Student Loan Consolidation Advice
Before you begin shopping for student loan refinancing, visit our advice section to learn more about what you should be looking for.
- What can you do if you can't find a job and it's time to start paying back your student loans? Finding a job after graduating can be difficult for some students and, with the deadline to start making payments is approaching, you may start to feel overwhelmed. You have a few options if your loan payments are going to be too much to handle. Consolidation can lower your monthly payments and combine them all into one simple loan. Some lenders have safeguards for unemployment and programs to help you find a job. Before you panic, talk to your lender and ask them about your options. If you can't avoid making payments before finding work, take a look at some of these helpful tips.
- For federal loans, you have some pretty good refinancing options. A Direct Consolidation Loan can combine multiple federal loans, with fairly helpful plans based on your income. However, you may not have that option if you have a loan from a private lender. However, the online lenders discussed above are an excellent option if you are stuck with multiple private loans. Some lenders will even finance private and federal loans together. However, this should be done carefully. By consolidating a private loan with a federal loan you may give up attractive benefits available from the government.
- The choice to consolidate student loans ultimately comes down to the choice between lower monthly payments or a shorter loan term. In some cases, you can actually save money in interest if you combine the right loans and find a lender that offers favorable interest rates. However, it's likely that consolidation will lengthen your loan term and ultimately cause you to pay more in overall interest. On the other hand, if you don't think you'll be able to make your monthly payments, consolidation can be a big help. Be sure to do the math to find out if consolidation is a good option and take a look at these other tips.

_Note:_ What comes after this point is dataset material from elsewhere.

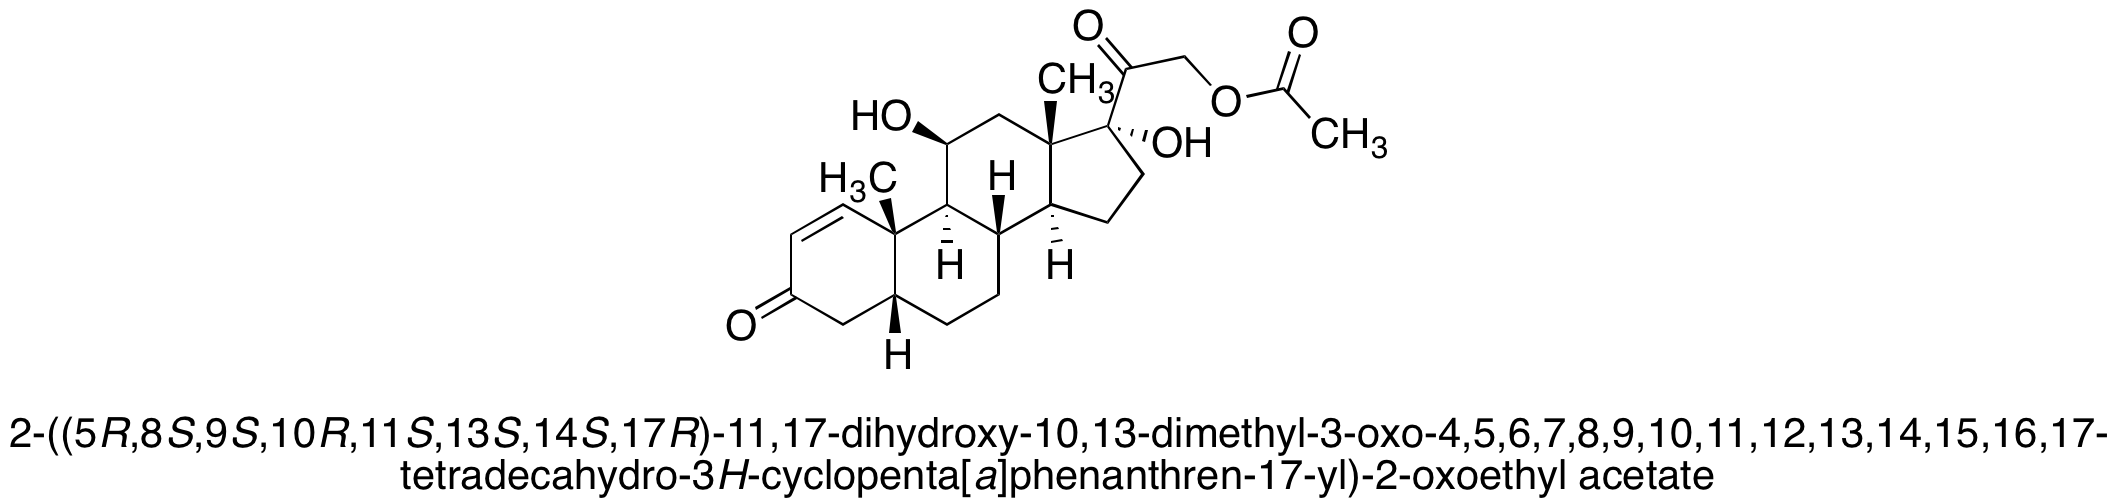 5 β-4,5-Dihydro Prednisolone 21-Acetate

- Student loan consolidation isn't just for students who have recently graduated. Parents often take out student loans for their kids. The government even offers a special PLUS loan for parents with dependent children. Some lenders offer special programs for parents who are looking to consolidate. For instance, SoFi offers no-fee parent PLUS refinancing options that can help you lower your payments and, in some cases, pay less.
- Many students fresh out of college haven't yet had a chance to build credit. The state of your credit report is an important thing to consider, especially if you plan to make big purchases in the future. If you decide to consolidate your loans, it's important to know how your credit will be affected. Right after consolidation, the multiple closed loans may negatively impact your credit. However, this may just be temporary. Too many lines of credit may have been hurting your credit already, and closing some can help. Ultimately, making consistent payments on a consolidation can help you slowly build it back up.